Moving from the cover of one statue or display to another, Lucas kept pace, and in another minute or two, Andy had made his way out of the gallery and into the broad museum lobby. Once there, he stopped again, and as Lucas watched, he ripped off his shoes, too, and threw them to one side. His legs, like his arms for that matter, were cocked at an odd angle, and the hard breathing seemed now to be associated with some kind of pain, rather than exertion.
Whatever was going on, Lucas couldn’t wait any longer. As Andy looped the rope handle of the sack around his neck again, Lucas stepped out of the shadows and said, “Leave it there.”
Paying no attention at all, Andy straightened up and shifted the sack to fit neatly between his shoulder blades.
Had he heard him? “I said, leave it there.”

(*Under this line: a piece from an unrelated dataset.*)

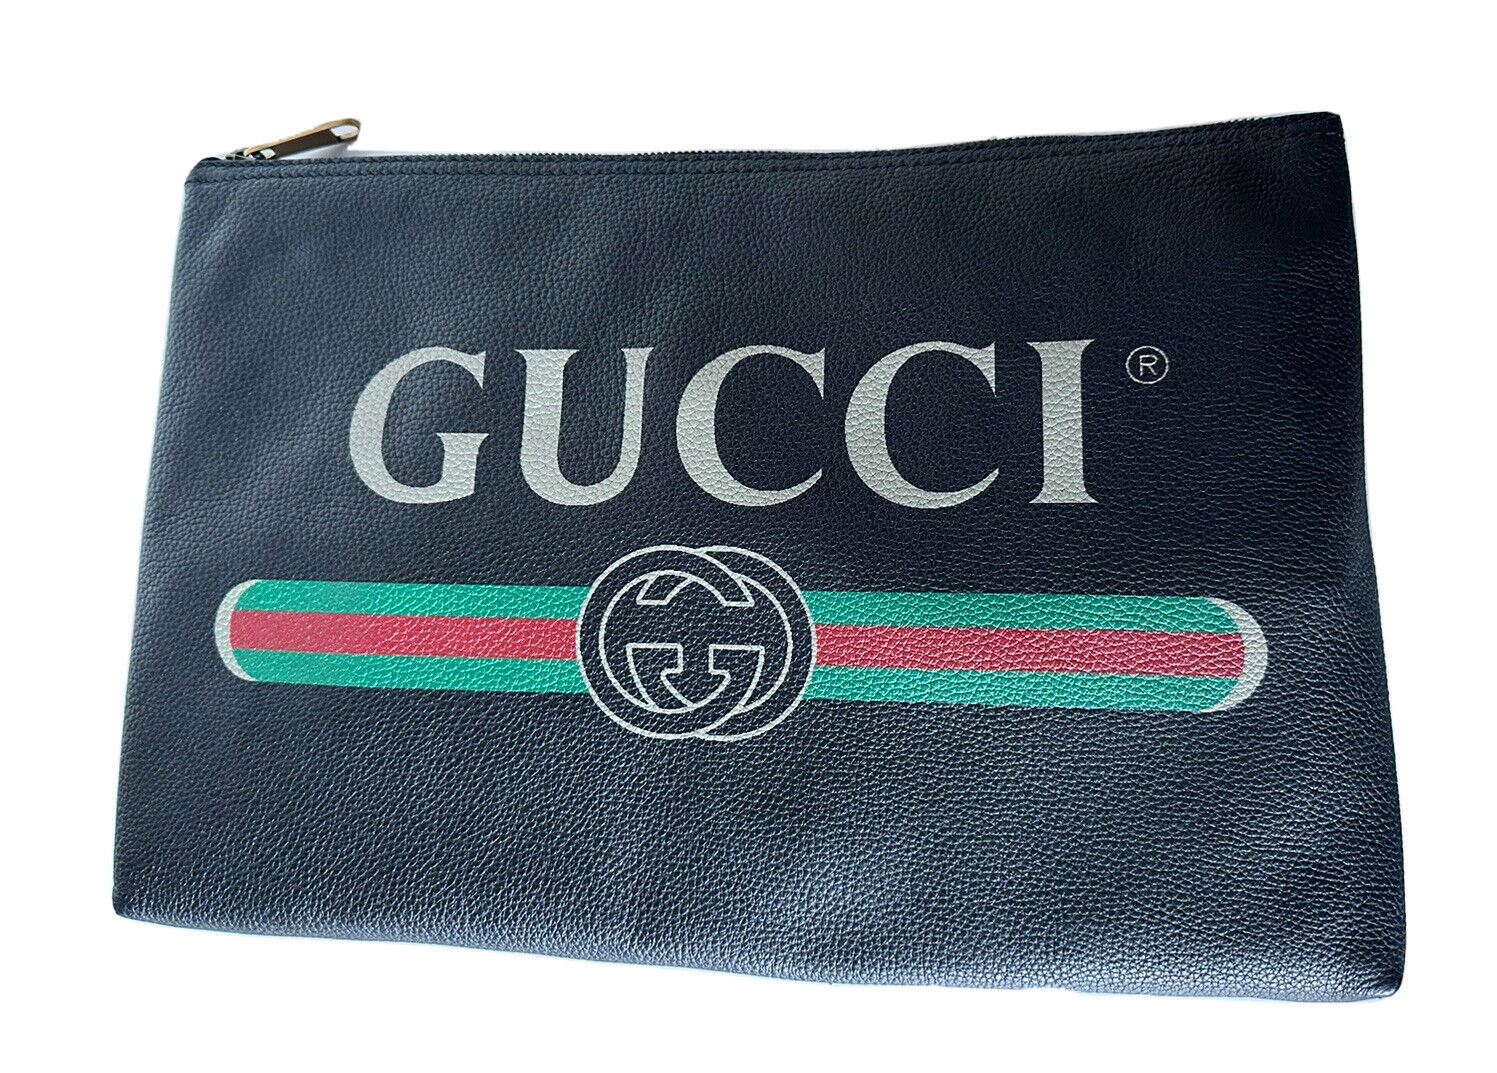 New Gucci G Web Gucci Print Zip Around Black Pouch Made in Italy

This time Andy glanced up from under the hood, but the look in his eyes was of utter incomprehension. For Lucas, it was like staring into the eyes of a beast, not a man.
Lucas repeated his order a third time, and Andy tilted his head to one side, as if out of curiosity. His eyes blinked furiously, uncontrollably, and then a light seemed to flicker on behind them. A yellow gleam, like a bolt of sunlight glancing off tarnished bronze. A gleam like the one Lucas had seen in the empty eye sockets of the skull.

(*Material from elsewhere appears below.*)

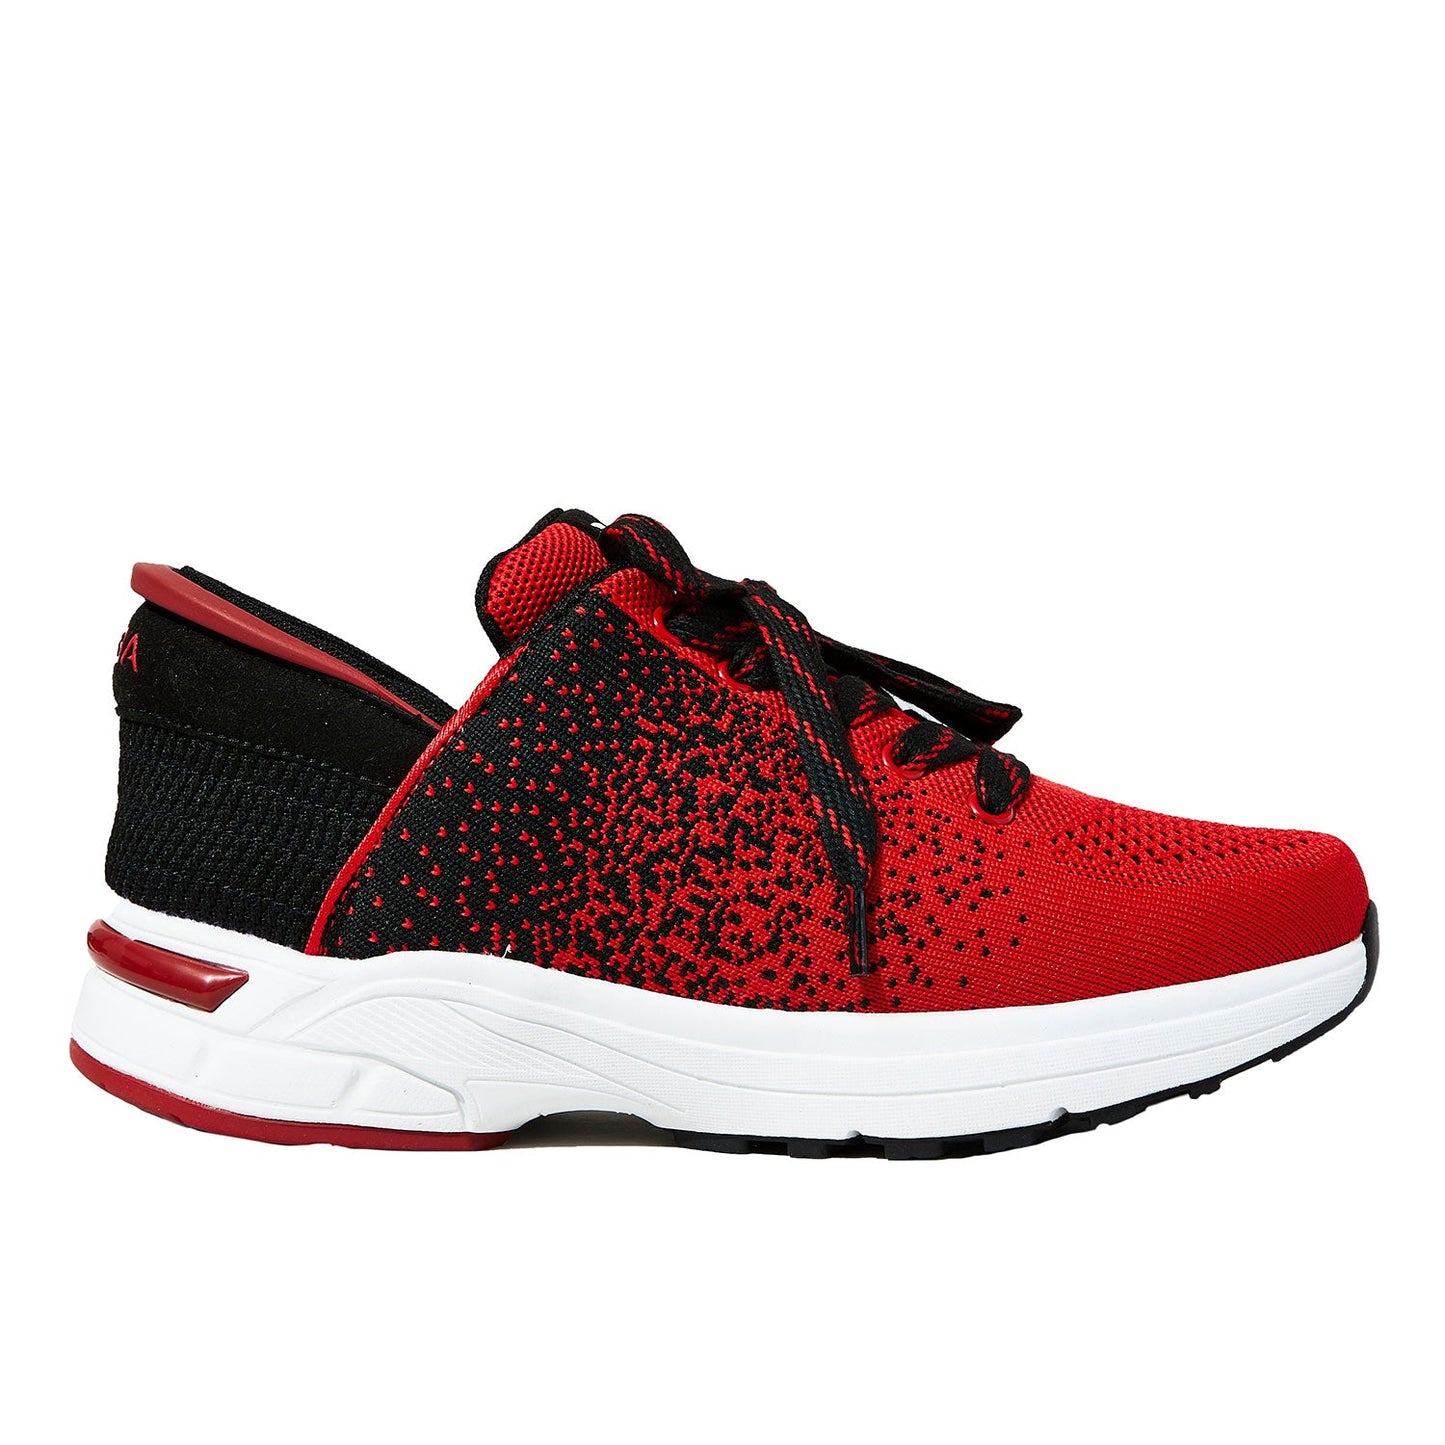 Men's Cherry Red (Medium and Extra Wide Available) (Sizes 7-16)

As he watched in horror, a smile creased Andy’s lips, widening until it seemed almost to split his face, baring his teeth and projecting no mirth at all, only malice. Then he turned around and jumped with blinding speed directly at the doors to the museum, wrenching them entirely off their hinges and shattering the glass into a thousand pieces. As the shards, tinkling like tiny bells, rained down on the floor around him, Lucas saw Andy land on all fours on the walkway outside, shake the fragments of glass loose from the rain slicker, and then scramble with his rucksack into the night.
Lucas leaped through the jagged hole where the doors had been, and ran after him. In the dark and the rain, it was hard enough just to see him. To make matters worse, his quarry was loping along, close to the ground, like a wolf, dodging from one side to another, following no clear course, but gradually making his way up campus, and toward the lights of the town. There was a scream of terror as an unsuspecting student, heading home from the library, was bowled over. Lucas found him lying on his back in a puddle, his wire spectacles twisted on his face, mutely pointing in the direction that his attacker had fled. Lucas hurried on, gaining ground slowly but surely. In the distance, he could hear the commotion of traffic in town, and he could see that Andy was losing steam. Lucas picked up his own pace, and when he found himself within striking distance, lunged for the bottom of the rucksack. He tugged on it, hard, and Andy lost his footing on the damp grass, slipping onto his side. In the light of the lamppost, his face now was unrecognizable — it was a mask of pure depravity, frozen in the rictus of that agonizing smile.